Supplied entries below:

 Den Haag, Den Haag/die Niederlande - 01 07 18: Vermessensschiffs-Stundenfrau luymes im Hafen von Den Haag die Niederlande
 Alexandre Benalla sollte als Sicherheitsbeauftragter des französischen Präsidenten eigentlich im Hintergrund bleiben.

End of Supplied entries.
Supplied entries below:

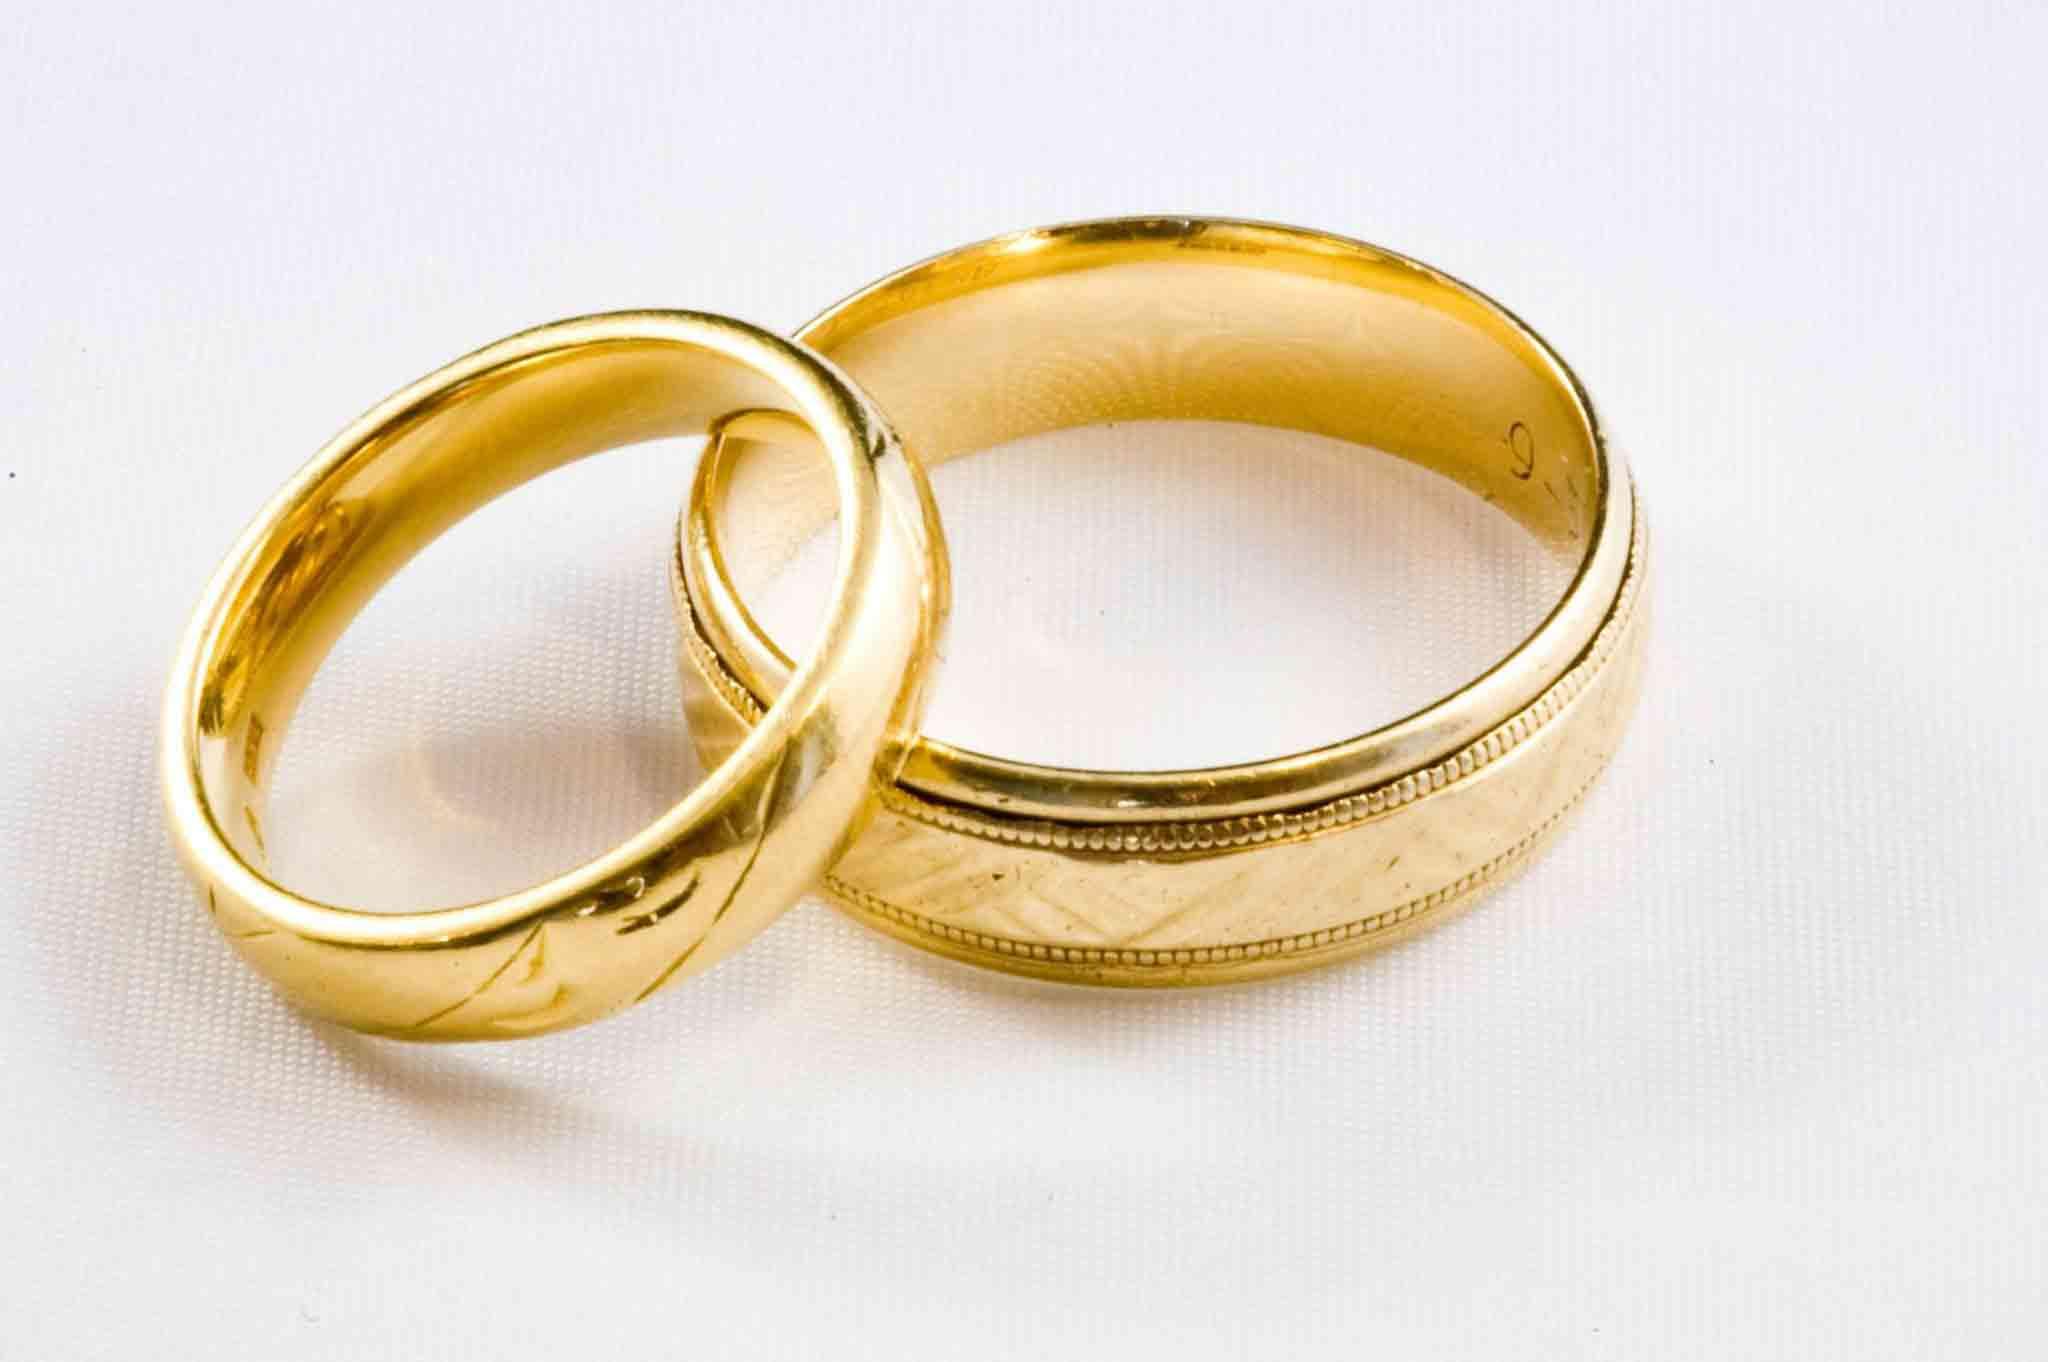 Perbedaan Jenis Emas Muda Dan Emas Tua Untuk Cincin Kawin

End of Supplied entries.
Supplied entries below:

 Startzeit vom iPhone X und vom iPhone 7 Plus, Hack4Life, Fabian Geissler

End of Supplied entries.

Exercise brief:
Could you repeat exactly the lines in the listing above from the one with "Den Haag, Den" down to the one with "Alexandre Benalla sollte"? Include both of those lines.

Solution to this task:
 Den Haag, Den Haag/die Niederlande - 01 07 18: Vermessensschiffs-Stundenfrau luymes im Hafen von Den Haag die Niederlande
 Alexandre Benalla sollte als Sicherheitsbeauftragter des französischen Präsidenten eigentlich im Hintergrund bleiben.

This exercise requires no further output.